▶
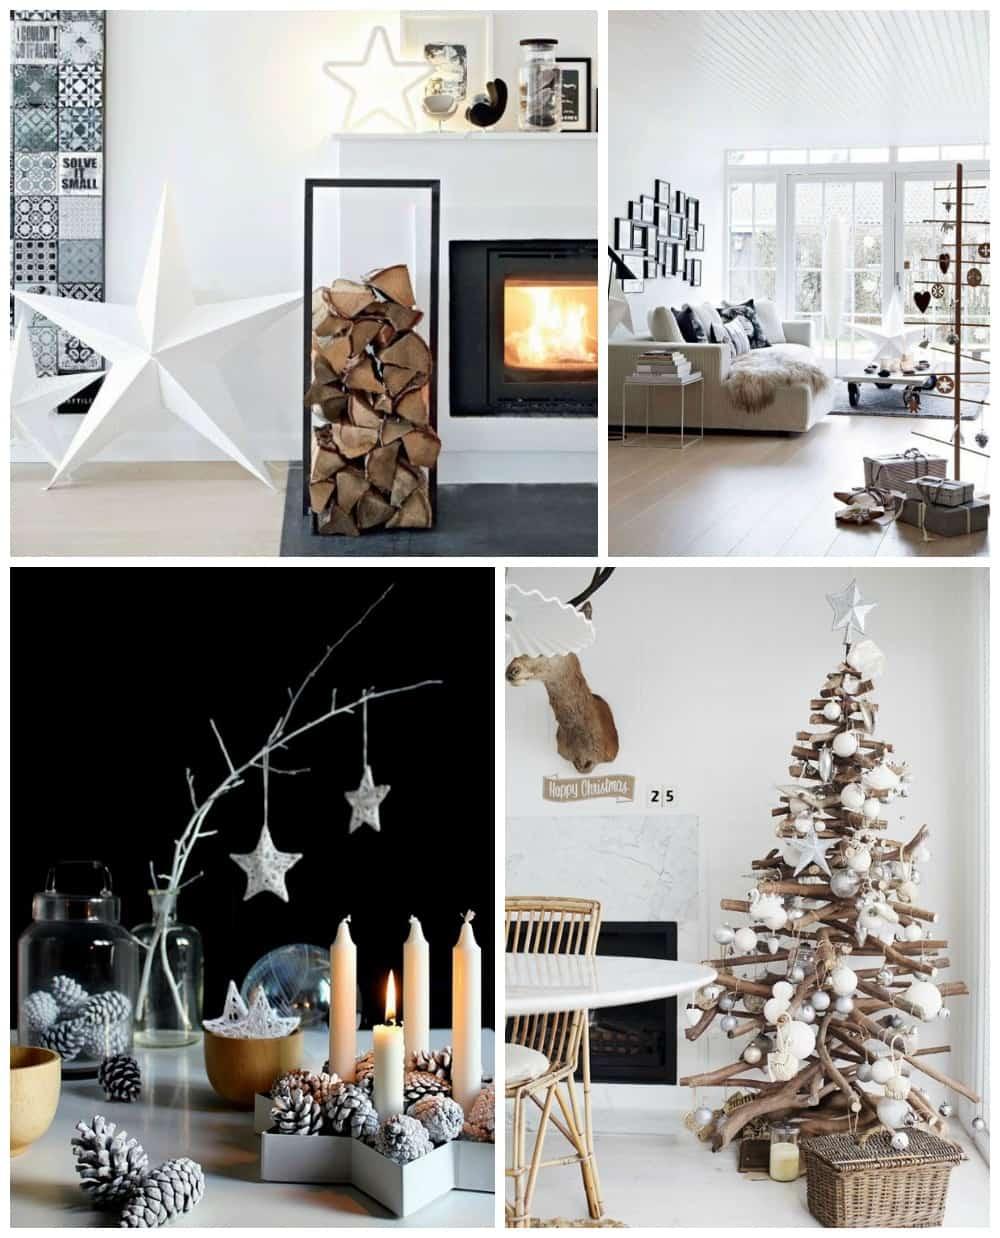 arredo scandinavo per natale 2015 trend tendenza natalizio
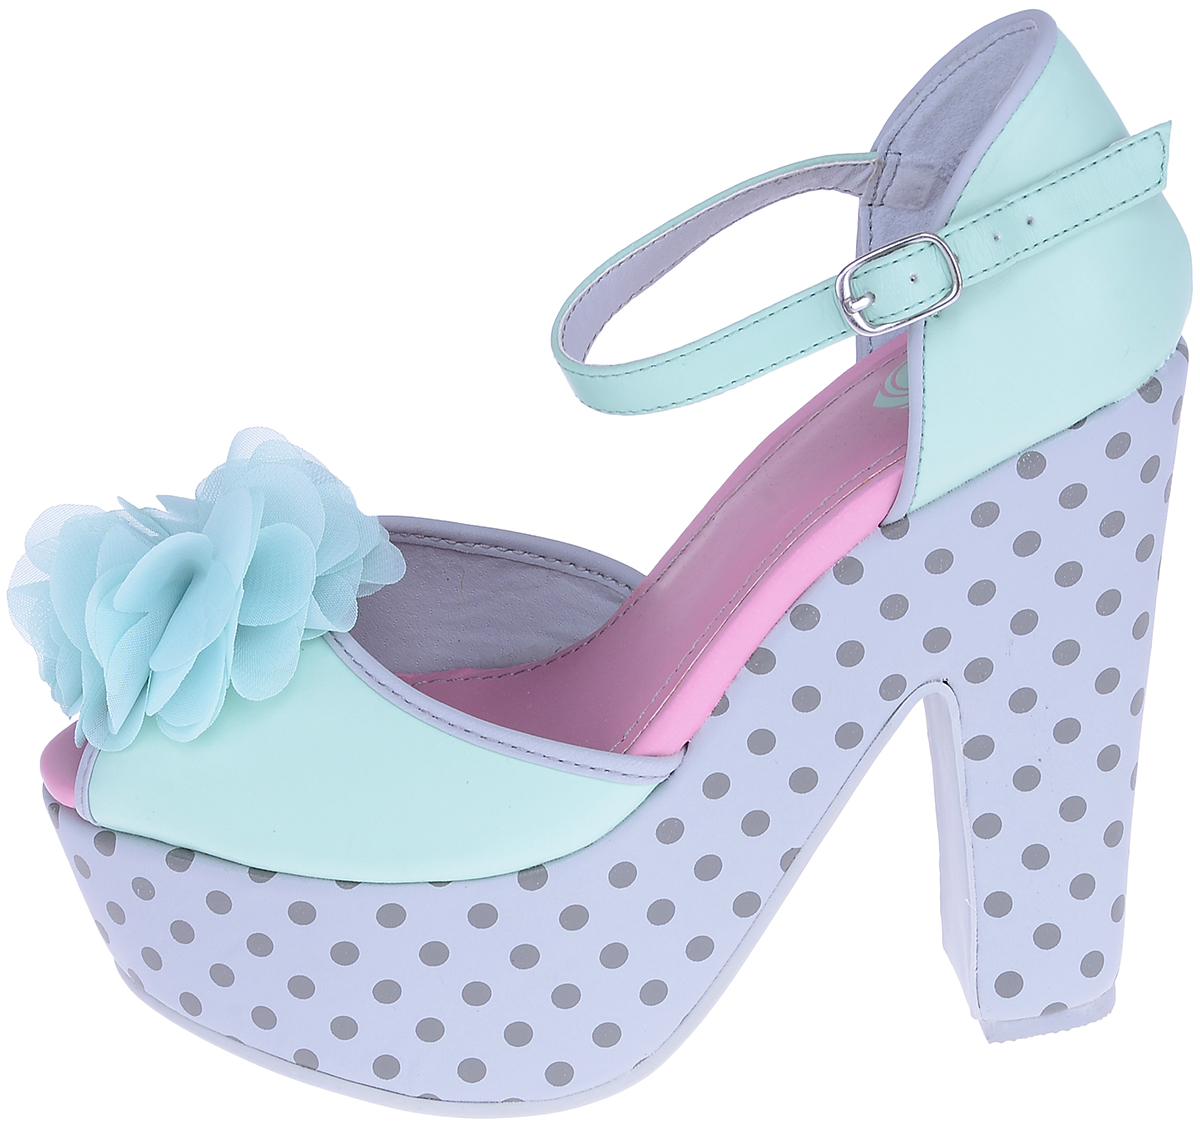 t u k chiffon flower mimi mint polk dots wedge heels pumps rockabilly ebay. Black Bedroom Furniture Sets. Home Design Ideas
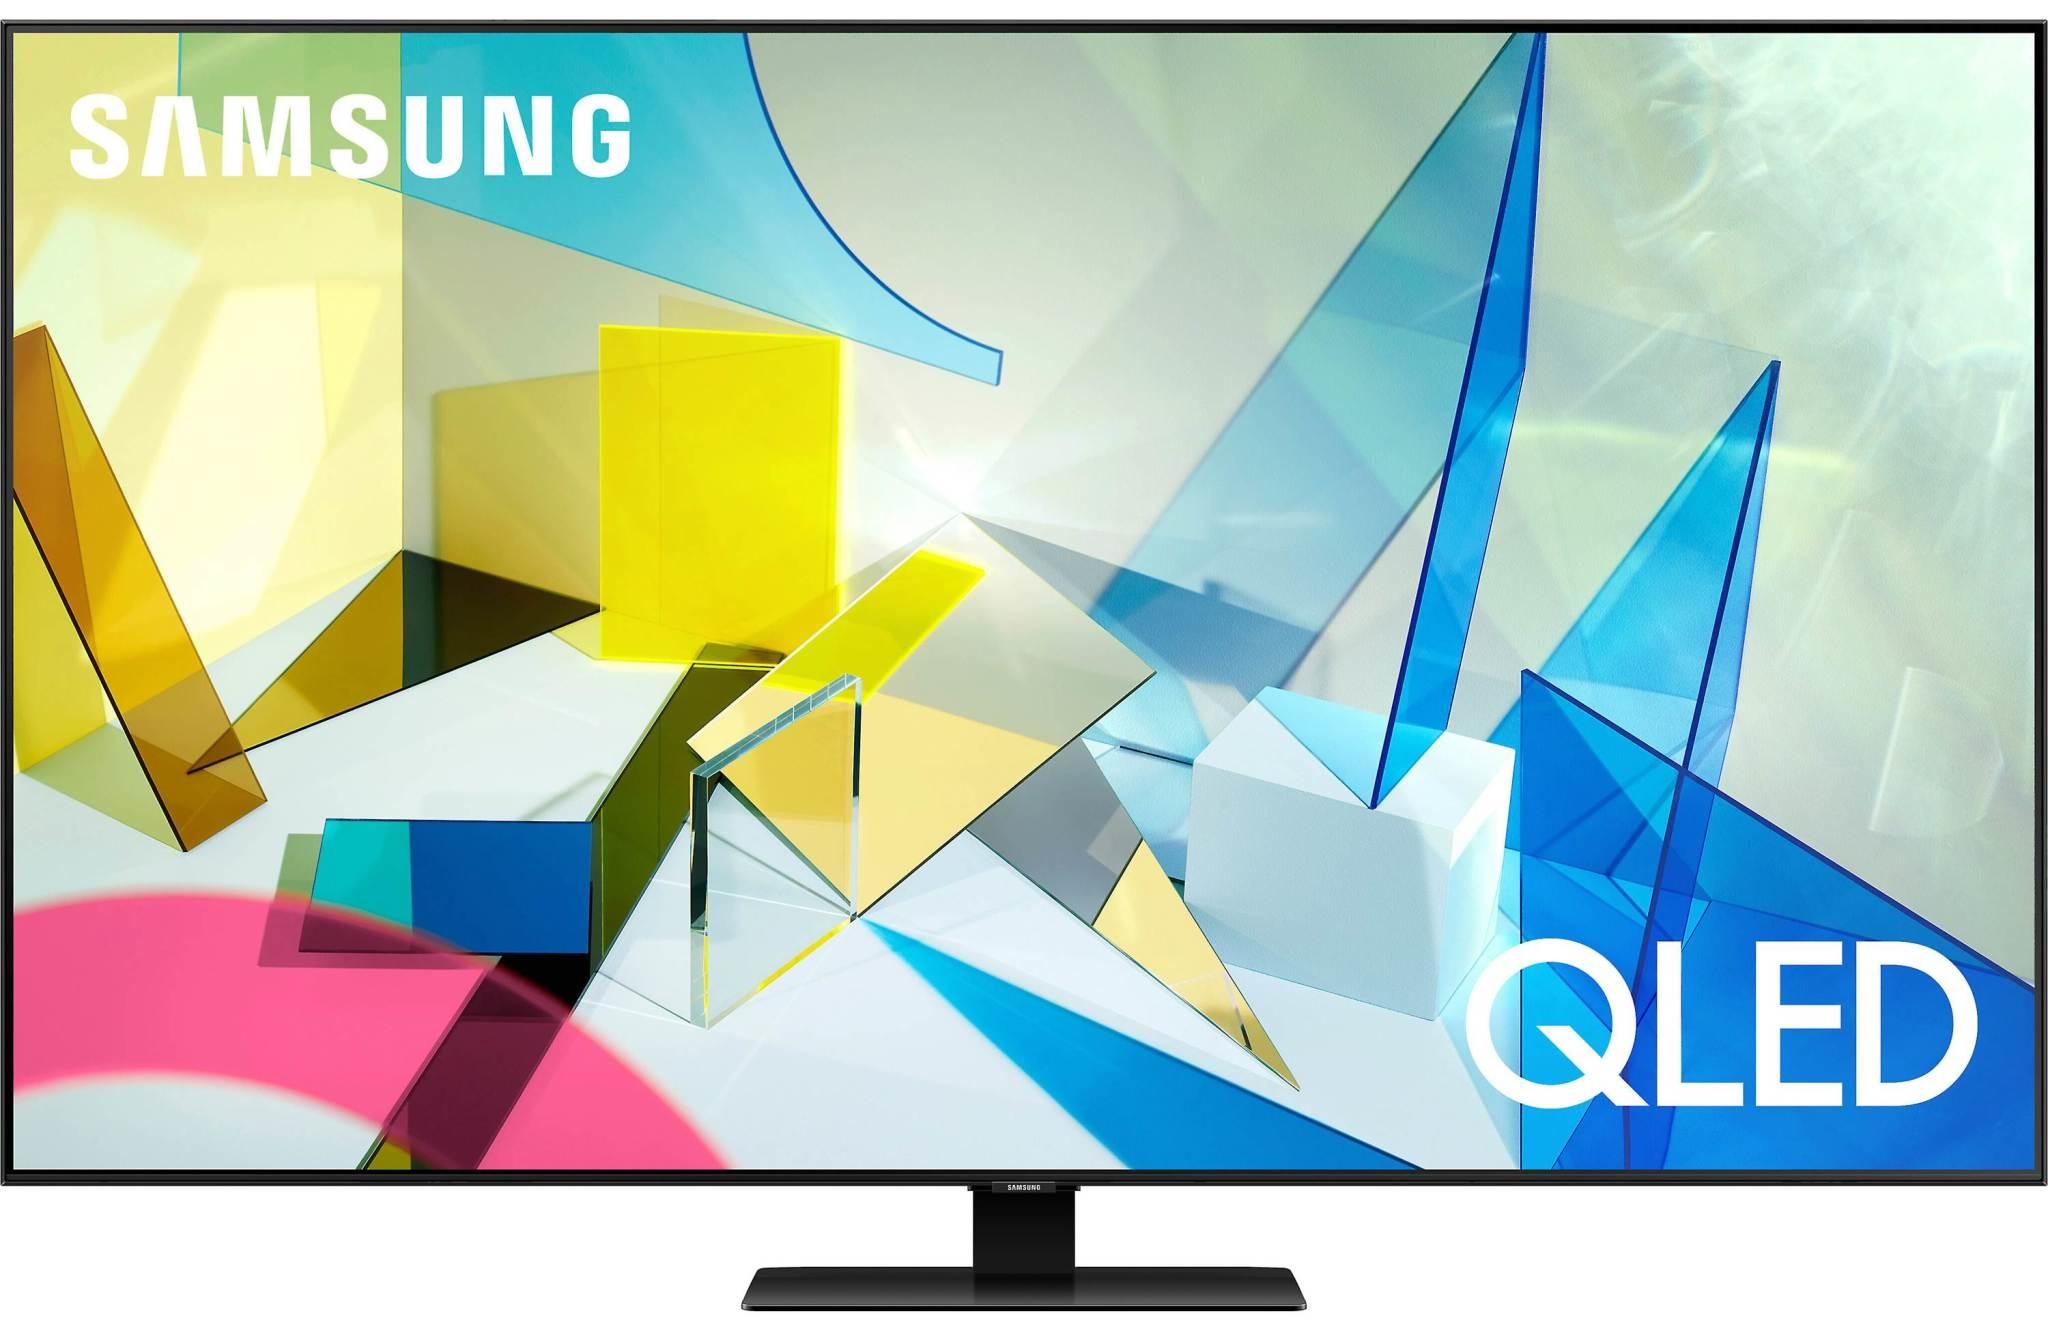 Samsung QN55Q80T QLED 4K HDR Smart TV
◀
#### Task item
Starting at the line that holds "t u k chiffon", retype every line through the end of the data, both ends included. Pictures stay out of the copy.

#### Your solution
 t u k chiffon flower mimi mint polk dots wedge heels pumps rockabilly ebay. Black Bedroom Furniture Sets. Home Design Ideas
 Samsung QN55Q80T QLED 4K HDR Smart TV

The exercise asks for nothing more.